* [Task requirements] What's wanted here is the full listing below, repeated exactly, with no images in it.

* [Data shown]
_ _ _ _ _

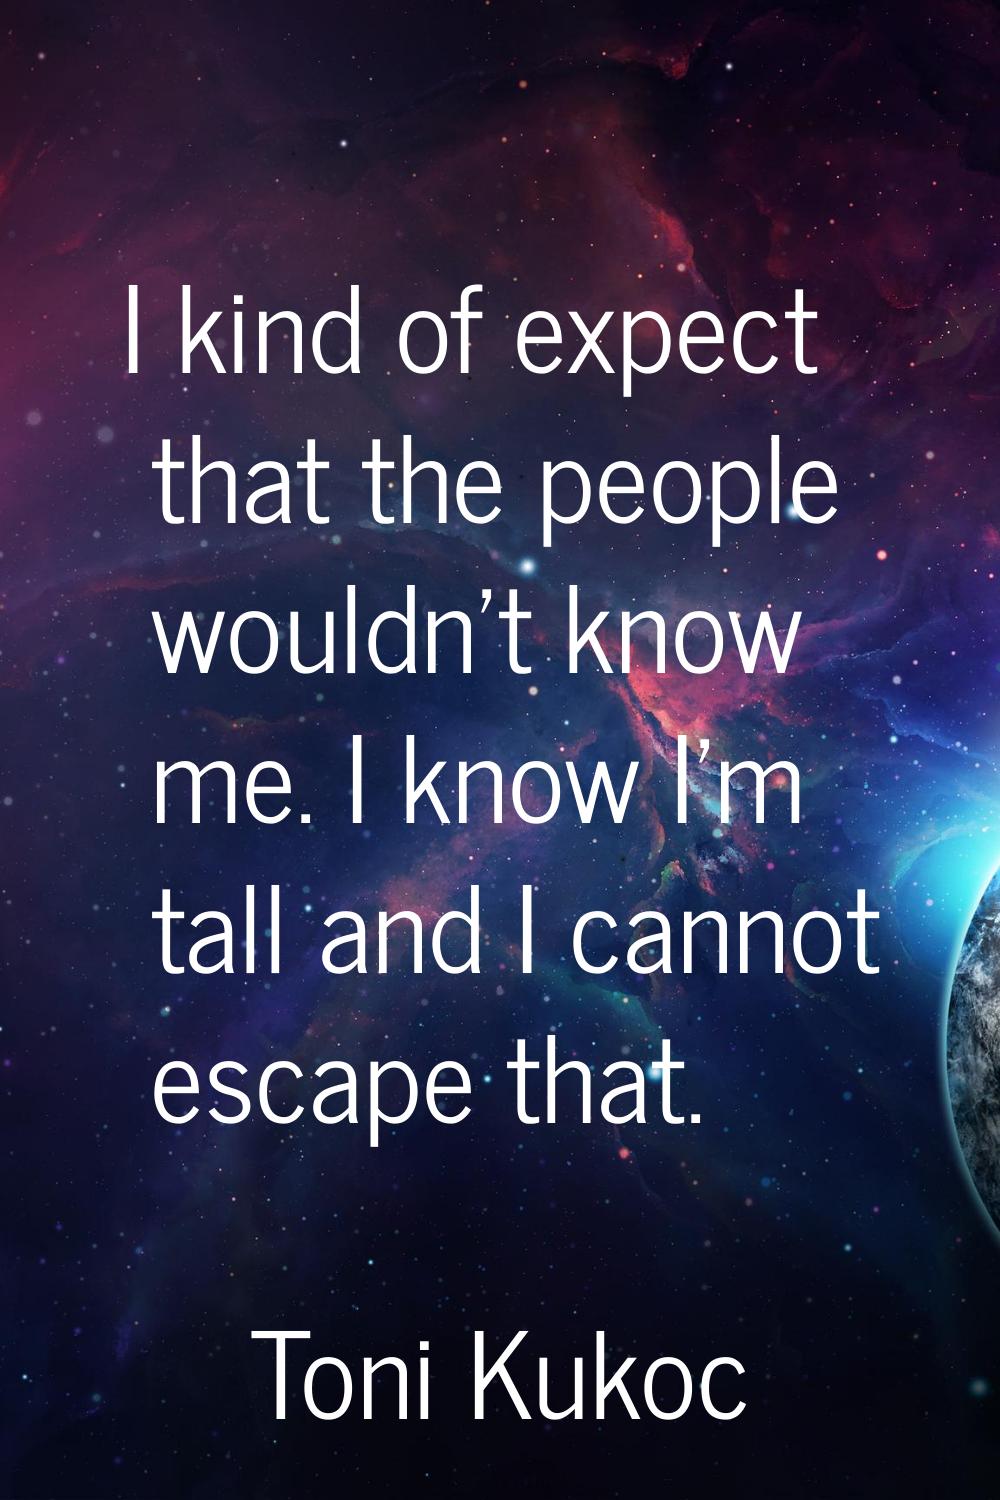 I kind of expect that the people wouldn't know me. I know I'm tall and I cannot escape that.
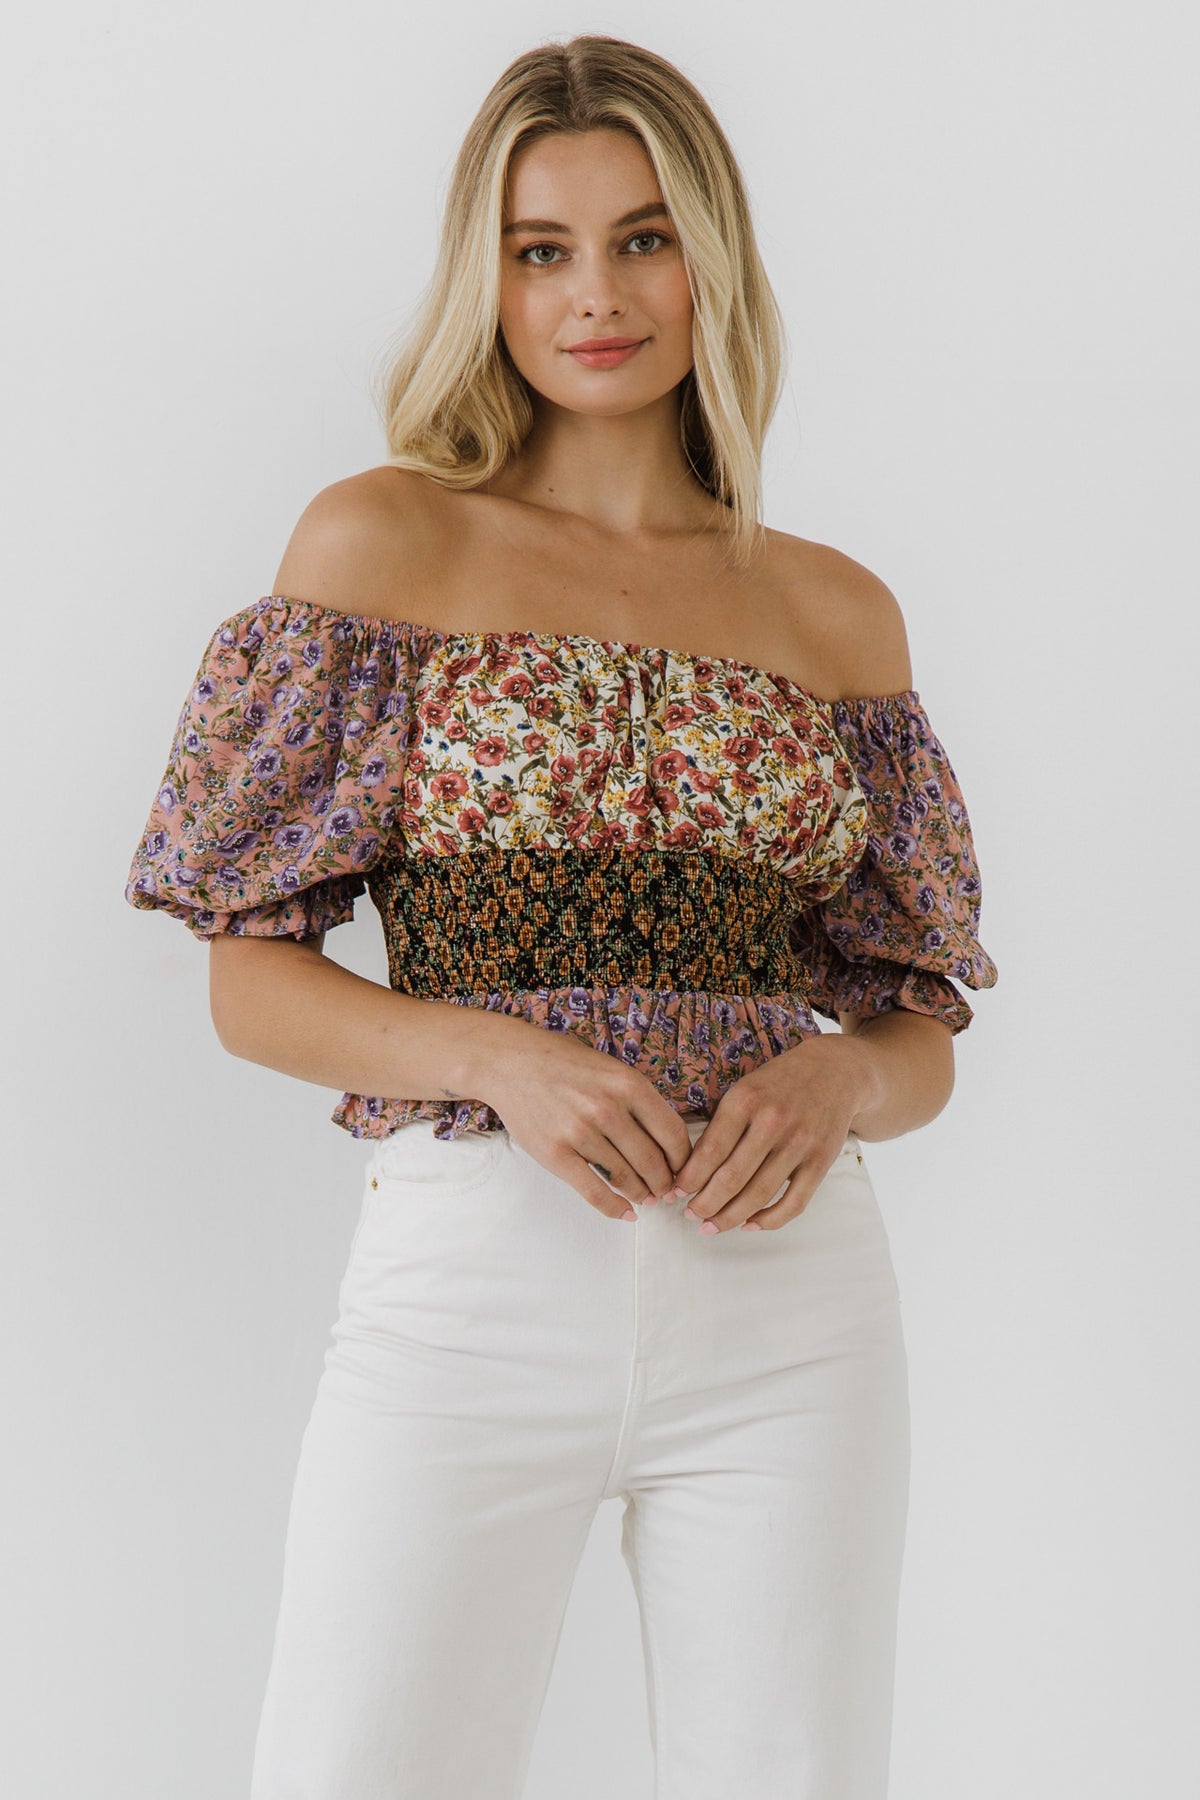 FREE THE ROSES - Floral Multi Color Top - TOPS available at Objectrare
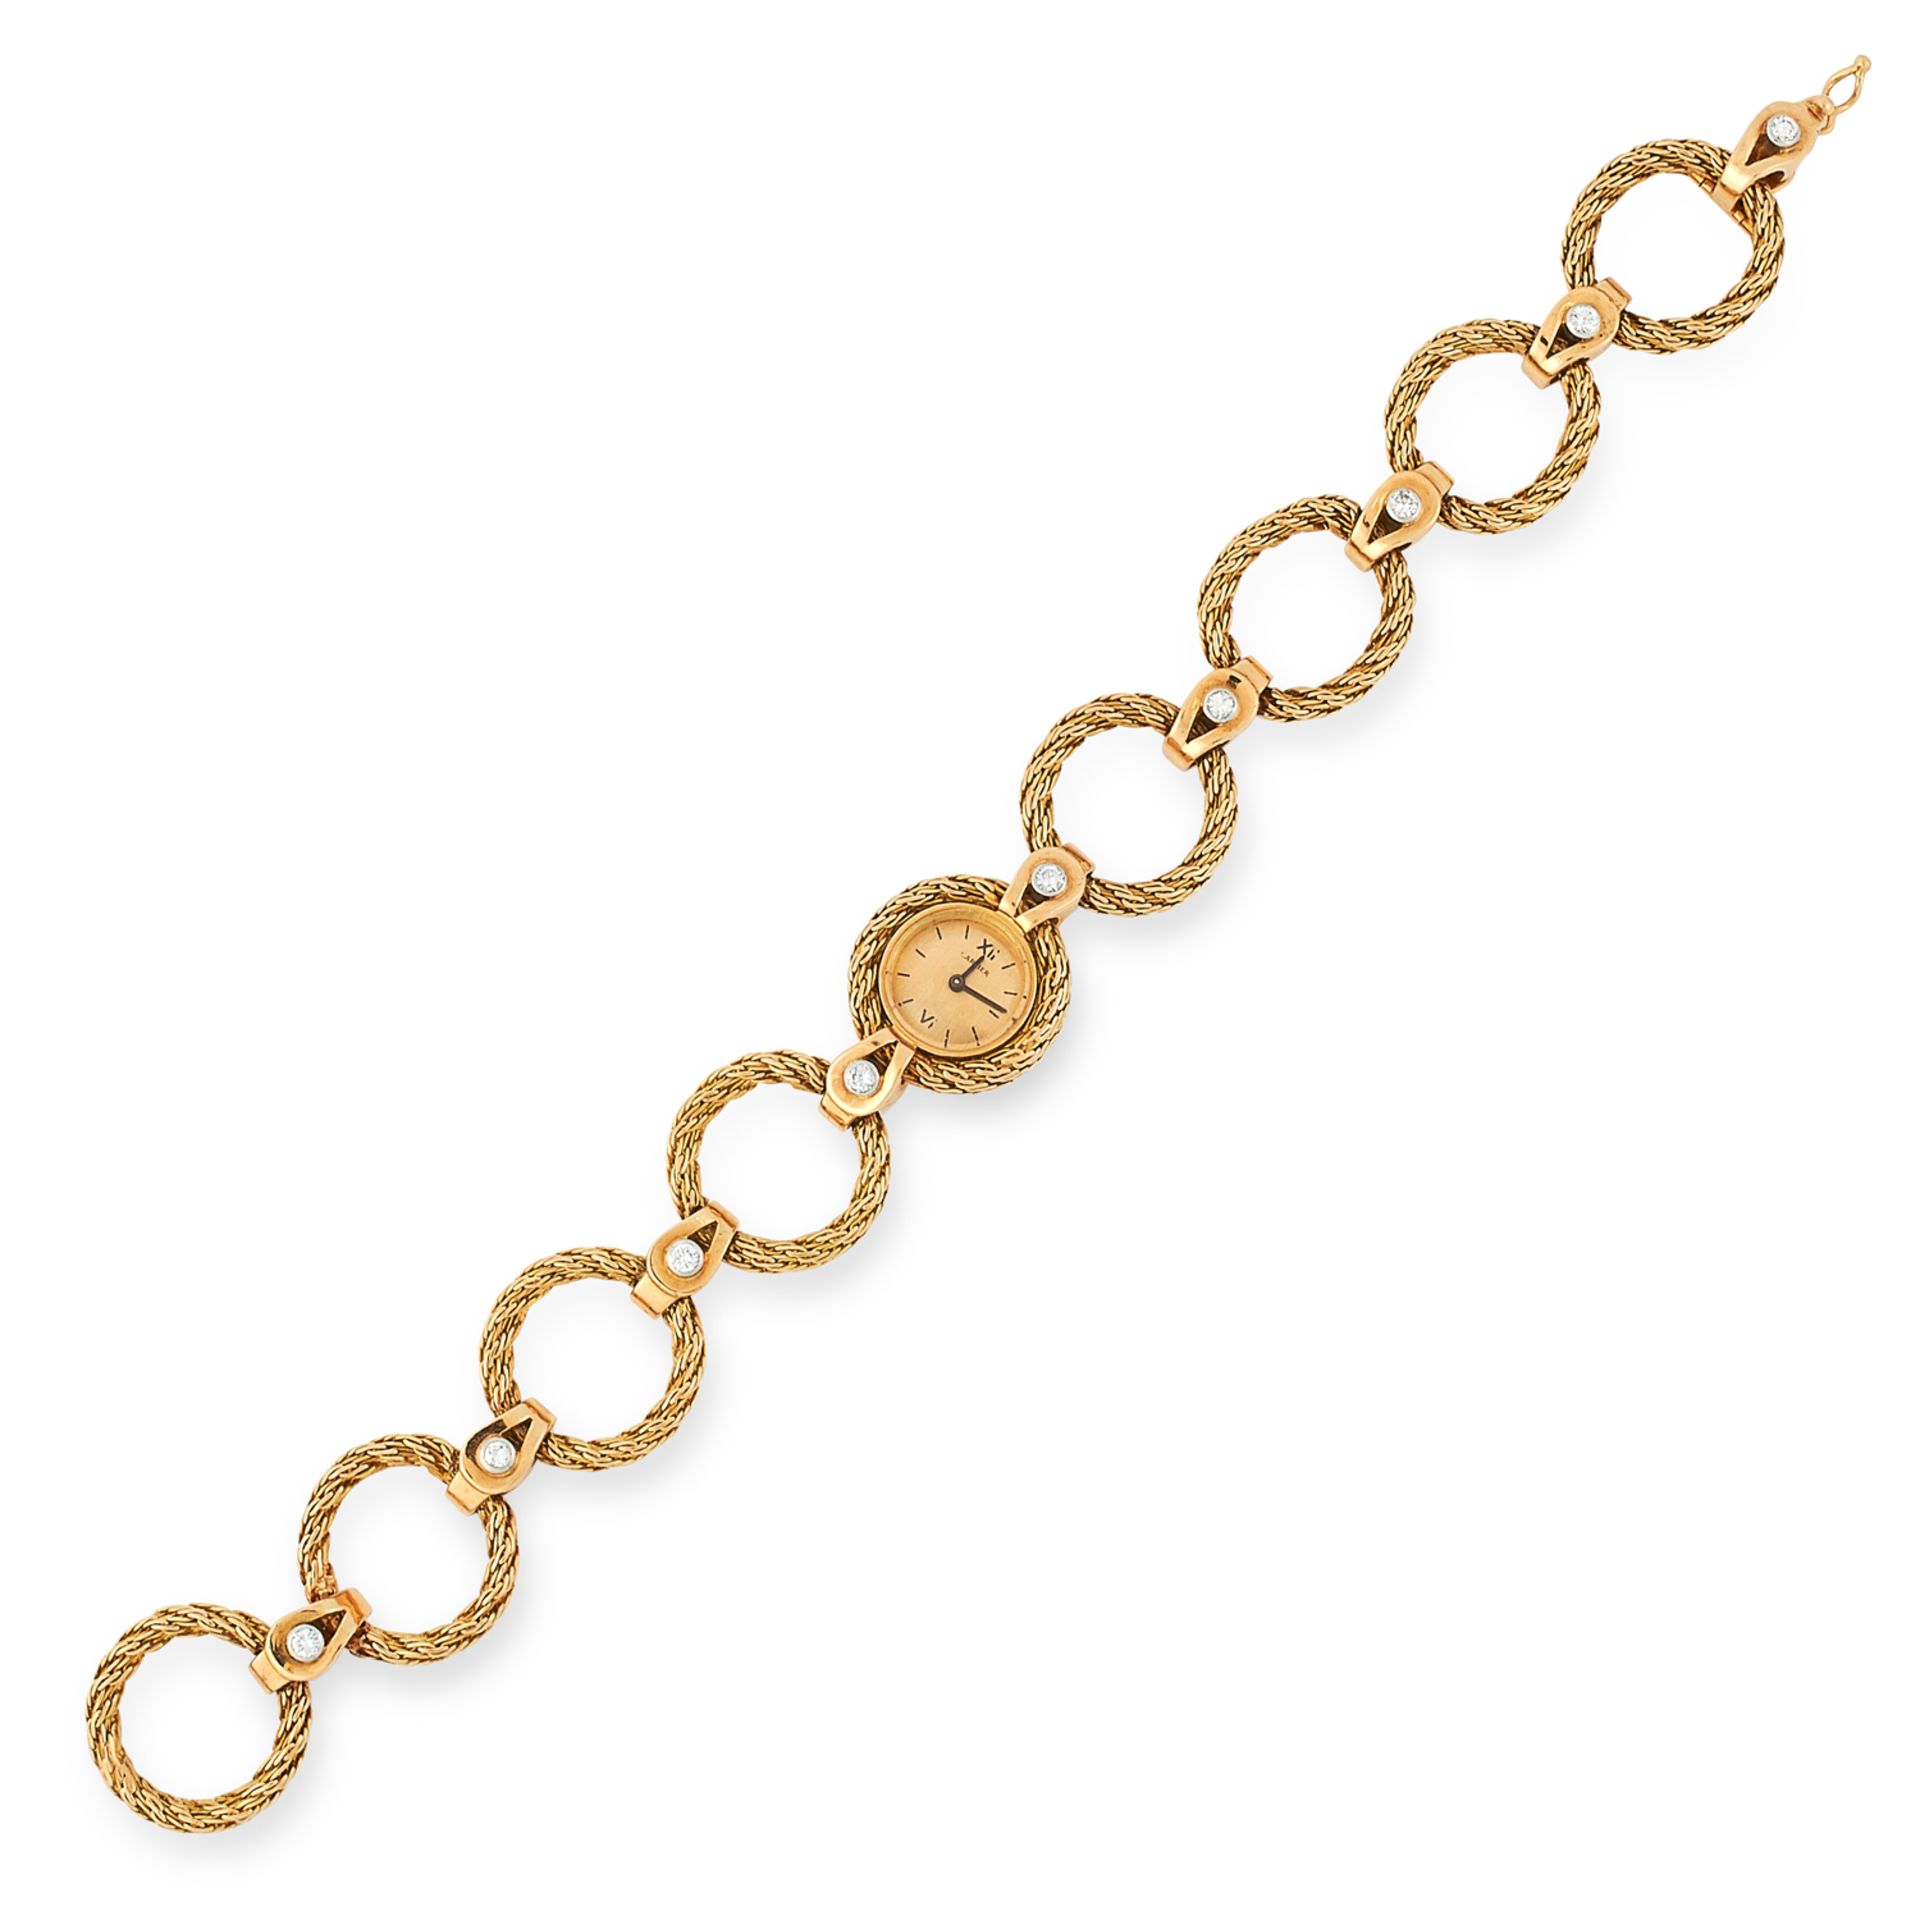 A VINTAGE LADIES DIAMOND WRISTWATCH, CARTIER comprising of textured gold hoop links set with round
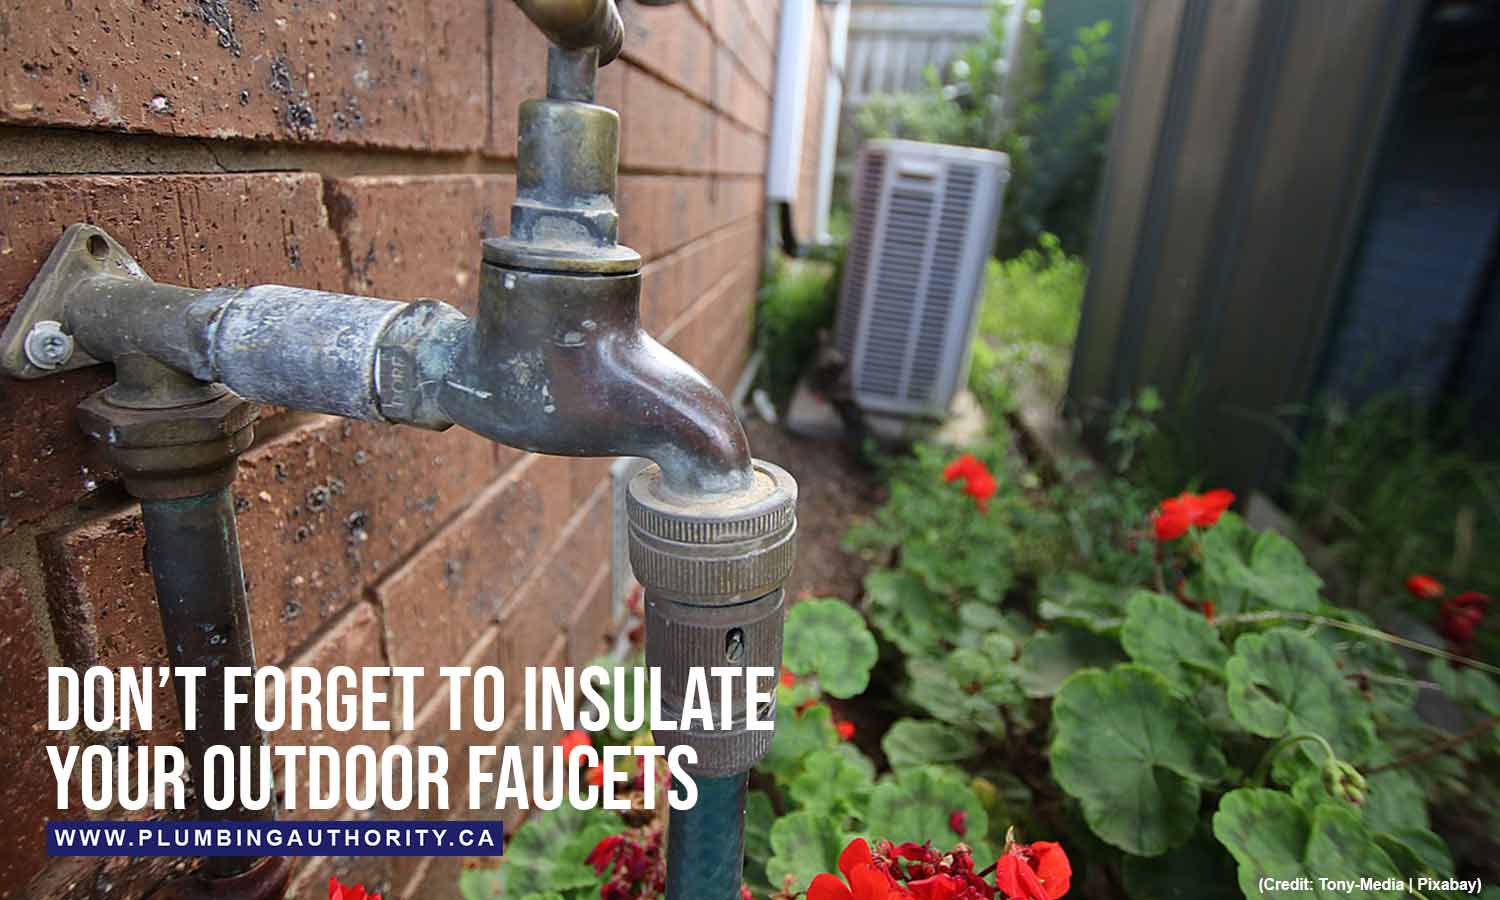 Don’t forget to insulate your outdoor faucets

_ _ _ _ _

* [Solution for this problem]
 I kind of expect that the people wouldn't know me. I know I'm tall and I cannot escape that.
 FREE THE ROSES - Floral Multi Color Top - TOPS available at Objectrare
 A VINTAGE LADIES DIAMOND WRISTWATCH, CARTIER comprising of textured gold hoop links set with round
 Don’t forget to insulate your outdoor faucets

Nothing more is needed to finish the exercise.